▶ [DATA TO PROCESS]
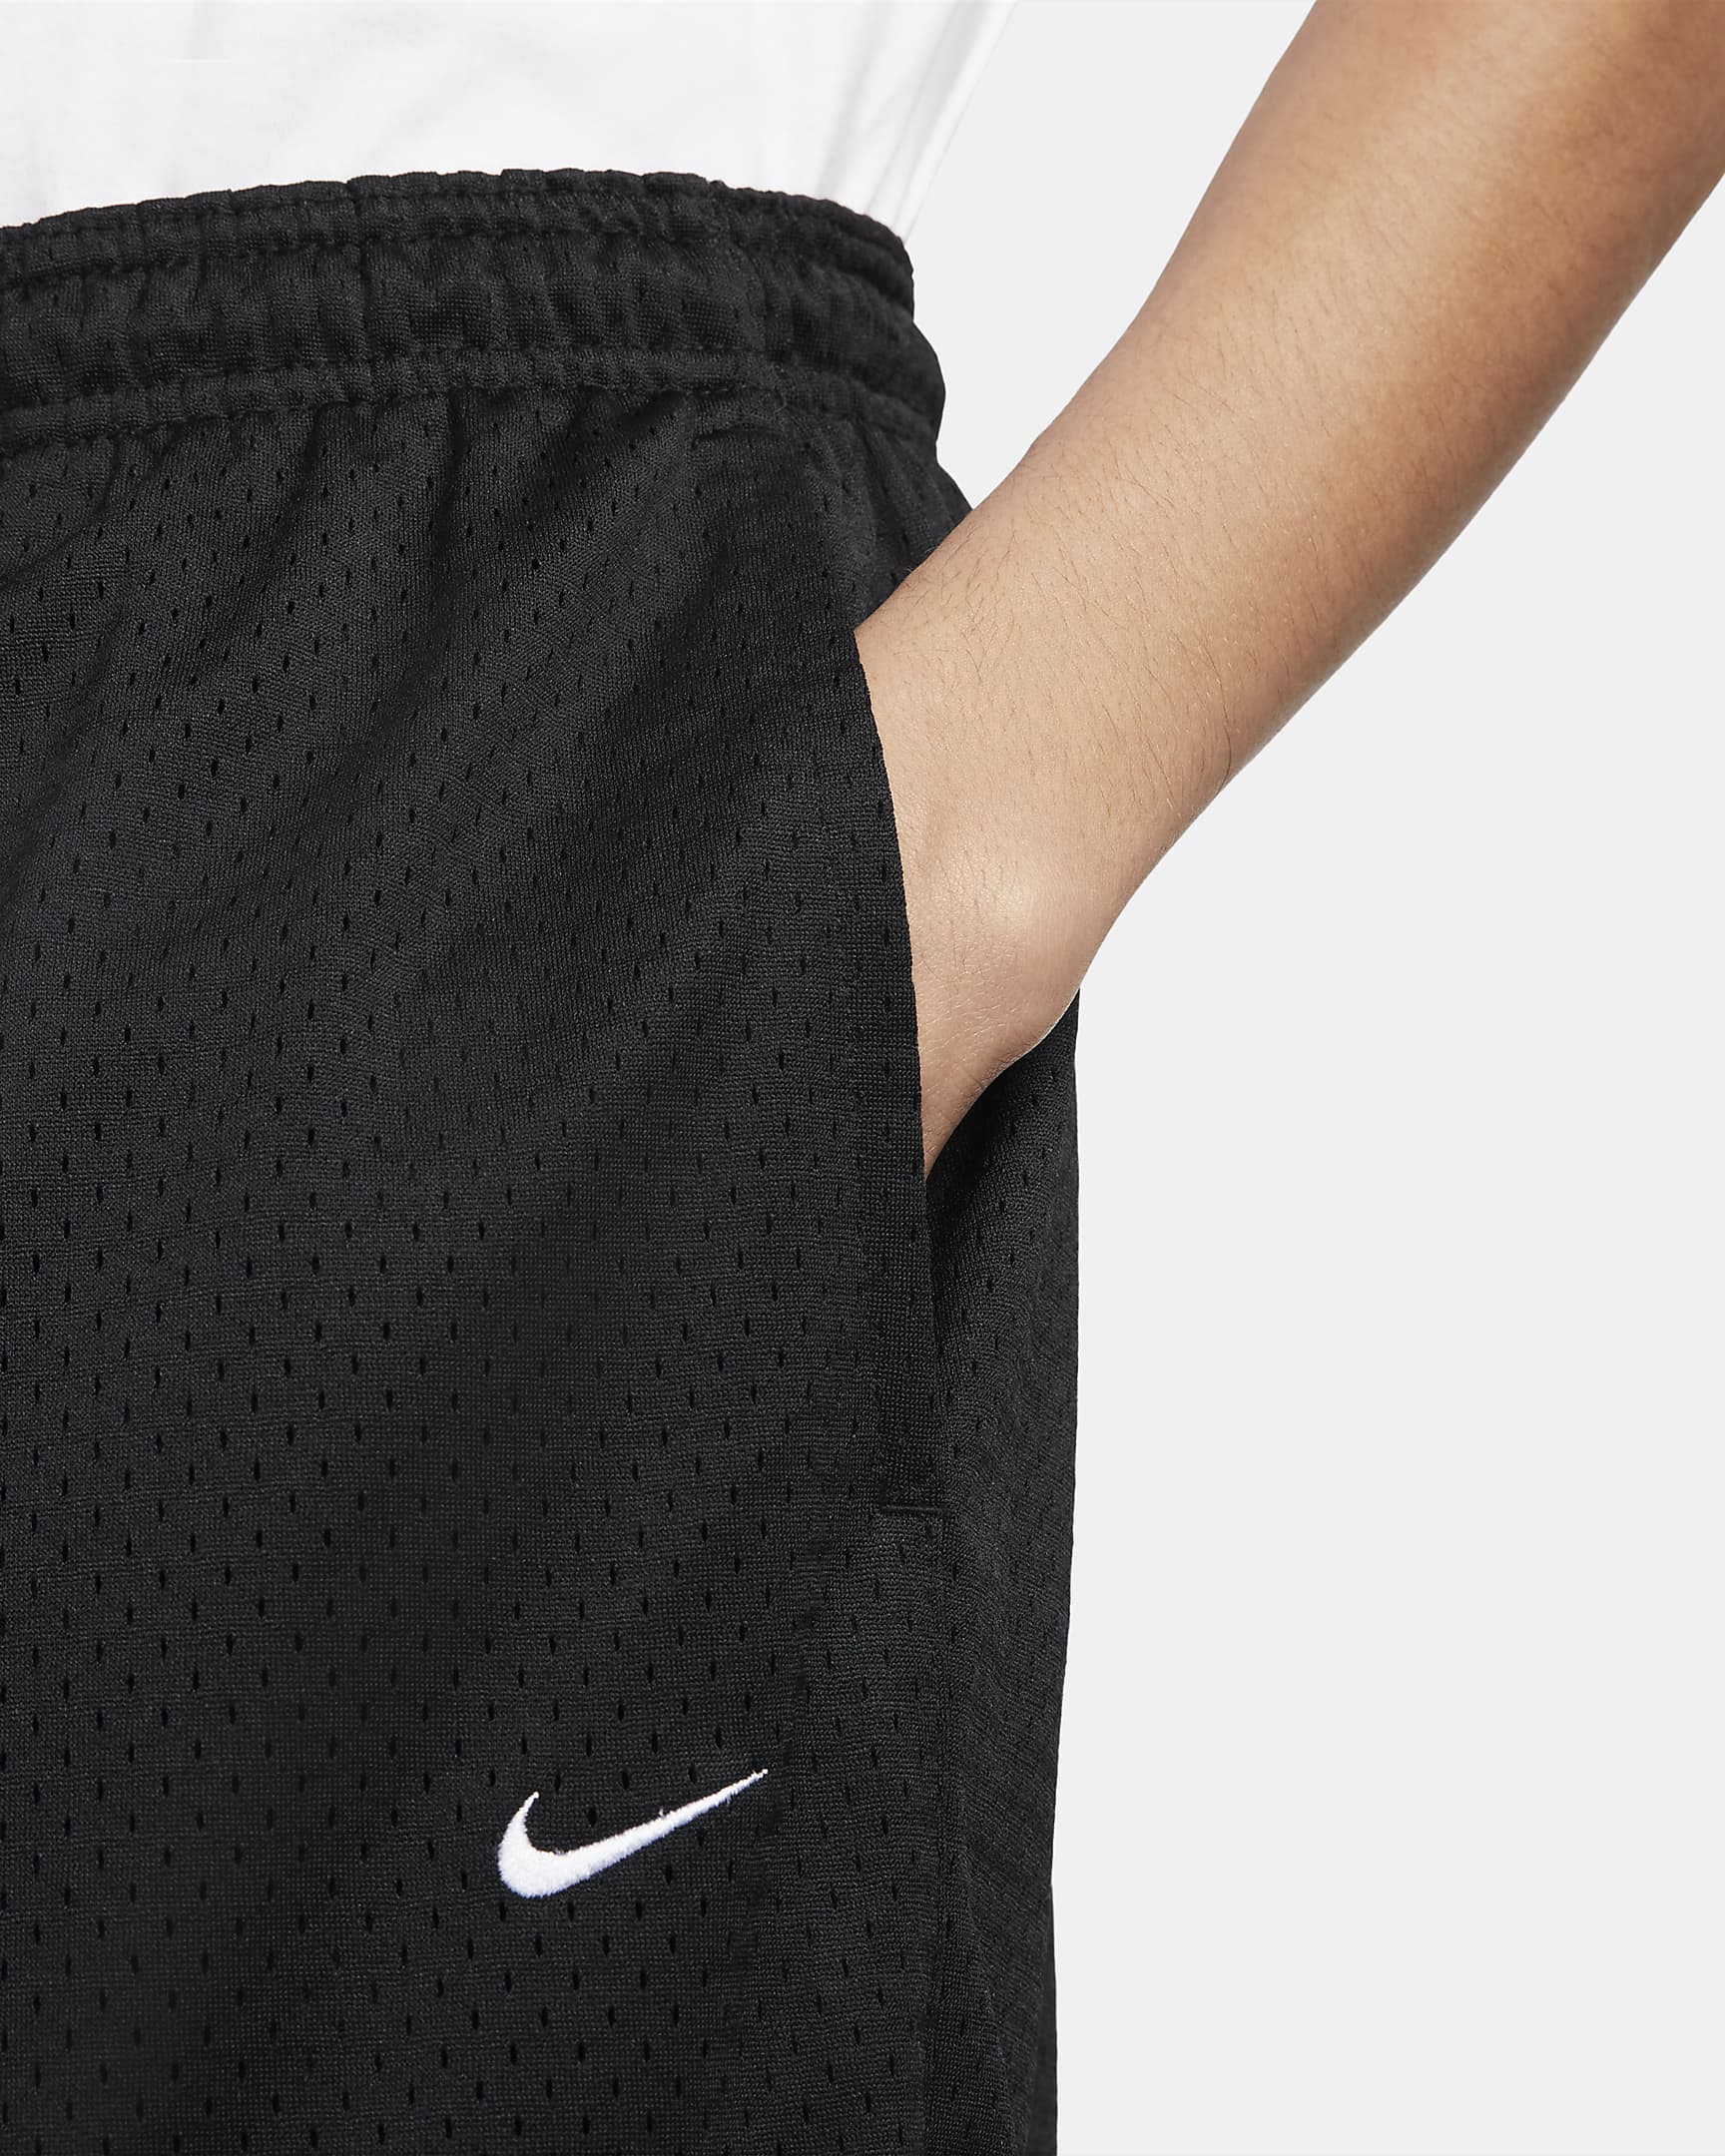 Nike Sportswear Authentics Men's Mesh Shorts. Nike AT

--

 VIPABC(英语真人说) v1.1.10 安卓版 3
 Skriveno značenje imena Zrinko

--

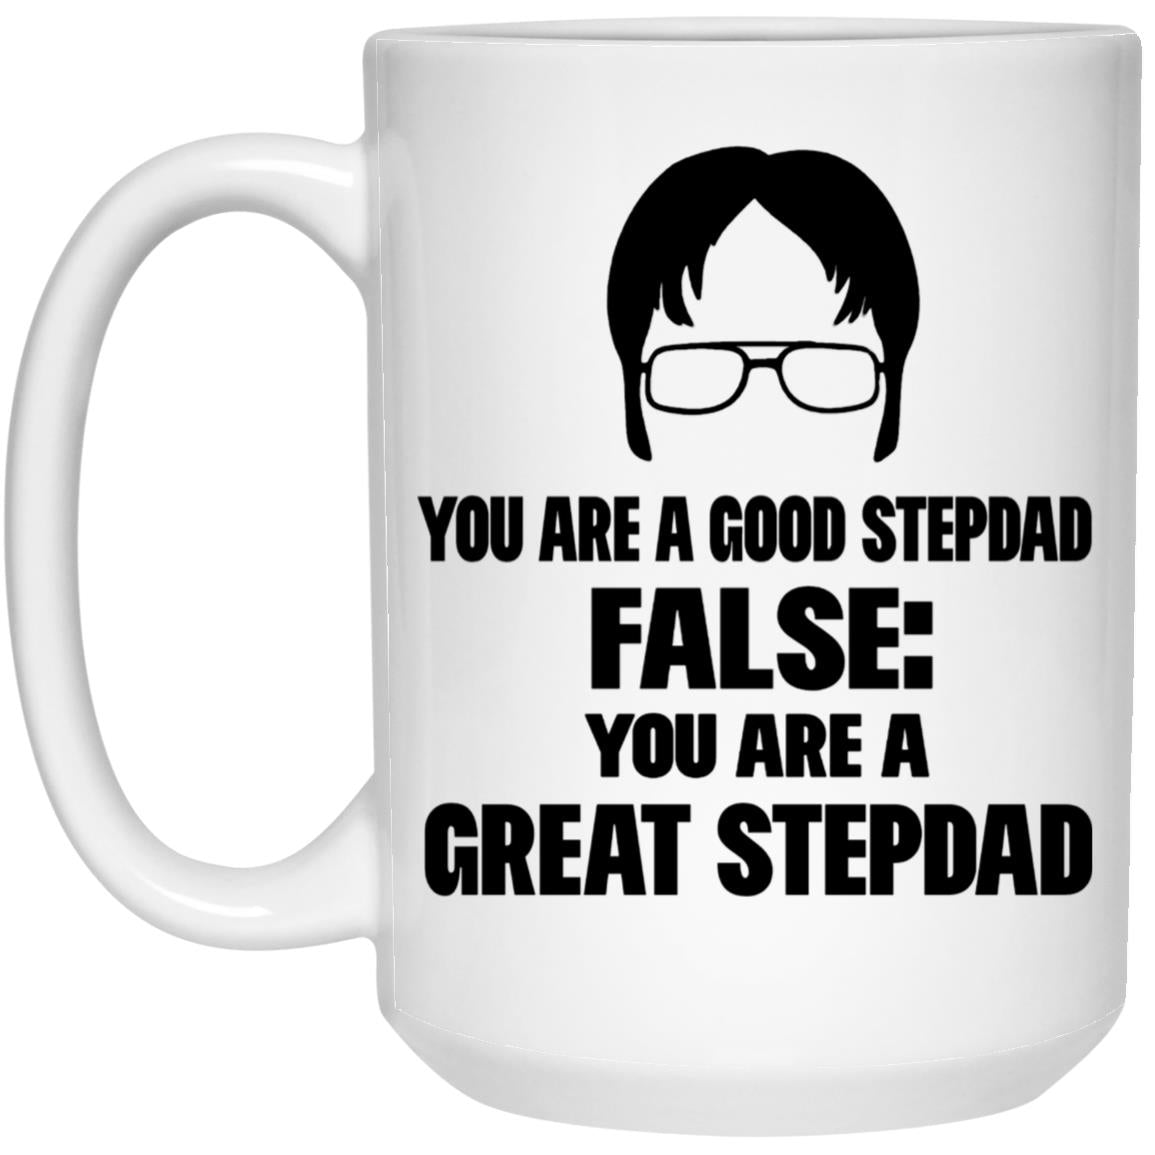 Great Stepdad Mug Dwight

▶ [YOUR TASK] After locating the line holding "VIPABC(英语真人说) v1.1.10 安卓版 3" above, output exactly that line and every line after it through the line holding "Skriveno značenje imena Zrinko". Include nothing else.

▶ [FINISHED EXERCISE]
 VIPABC(英语真人说) v1.1.10 安卓版 3
 Skriveno značenje imena Zrinko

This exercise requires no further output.